Article Preview
Top1. Introduction
Proteins play a fundamental role in all living organisms and are involved in a variety of molecular functions and biological processes. Proteins are the most essential and versatile macromolecules of life, and the knowledge of their functions is an essential link in the development of new drugs, better crops, and even the development of synthetic biochemical such as biofuels (Nemati et al., 2009; Azar 2021). Proteins are composed of one or more chains of amino acids and show several levels of structure. The primary structure is defined by the sequence of amino acids, while the secondary structure is defined by local, repetitive spatial arrangements such as helix, strand, and coil. The 3D structure of proteins is uniquely determined by their amino acid sequences. The tertiary structure is defined by how the chain folds into a three-dimensional configuration (Cao et al., 2006).
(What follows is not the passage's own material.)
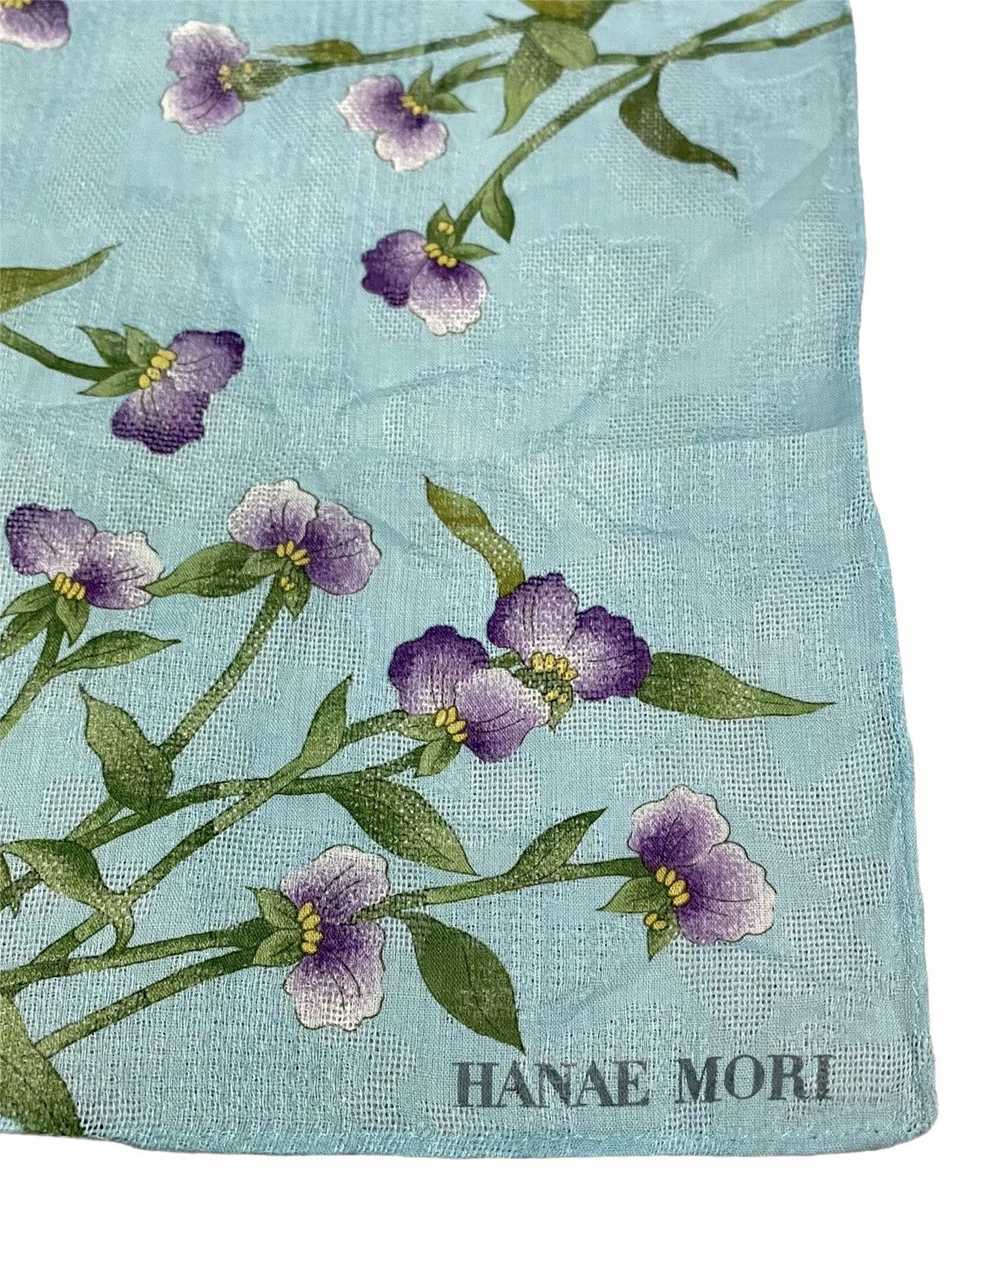 Hanae Mori × Japanese Brand HANDKERCHIEF NECKERCH… - image 4

Significant progress has been made in protein structure prediction during the past decade (Chen et al., 2009; Ding et al., 2009; Floudas., 2007; Zou et al., 2011), including comparative modeling (Cheng, 2008), fold recognition and threading (Wu and Zhang, 2007; Xu et al., 2008), first principles prediction with and without database information (McAllister and Floudas, 2010; Rajgaria et al., 2010; Subramani et al., 2009). The structure of proteins is very complex but their main structural arrangement is surprisingly simple and regular. In fact, according to their chain folding pattern, proteins are usually folded into four structural classes such as all α, all β, all α + β and all α / β (Krajewski and Tkacz, 2013a,b).
Traditionally, computational prediction methods use features that are derived from protein sequence, protein structure or interaction networks predict function (Rost et al., 2003; Rentzsch and Orengo, 2009; Koubaa et al., 2020). In this paper, the features are extracted from protein primary sequence, based on amino acid composition and K-mer patterns, or K-grams or K-tuples (Bagyamathi and Inbarani, 2015; Chandran, 2008). The K-gram representation of features, used for protein sequence classification, usually result in prohibitively high-dimensional input spaces, for large values of K. Unfortunately, for very high dimensional data with hundreds of thousands of dimensions, processing data instances into feature vectors at runtime using these models is computationally expensive due to inference at runtime in most of the cases. A less expensive approach to dimensionality reduction is feature selection, which reduces the number of features by selecting a subset of the available features based on some chosen criteria (Guyon and Elisseeff, 2003; Fleuret, 2004; Hassanien et al., 2014a, 2015; Azar, 2013, 2014; Banu et al., 2017; Azar and Hassanien, 2015 ; Azar and El-Said, 2014, 2013a,b).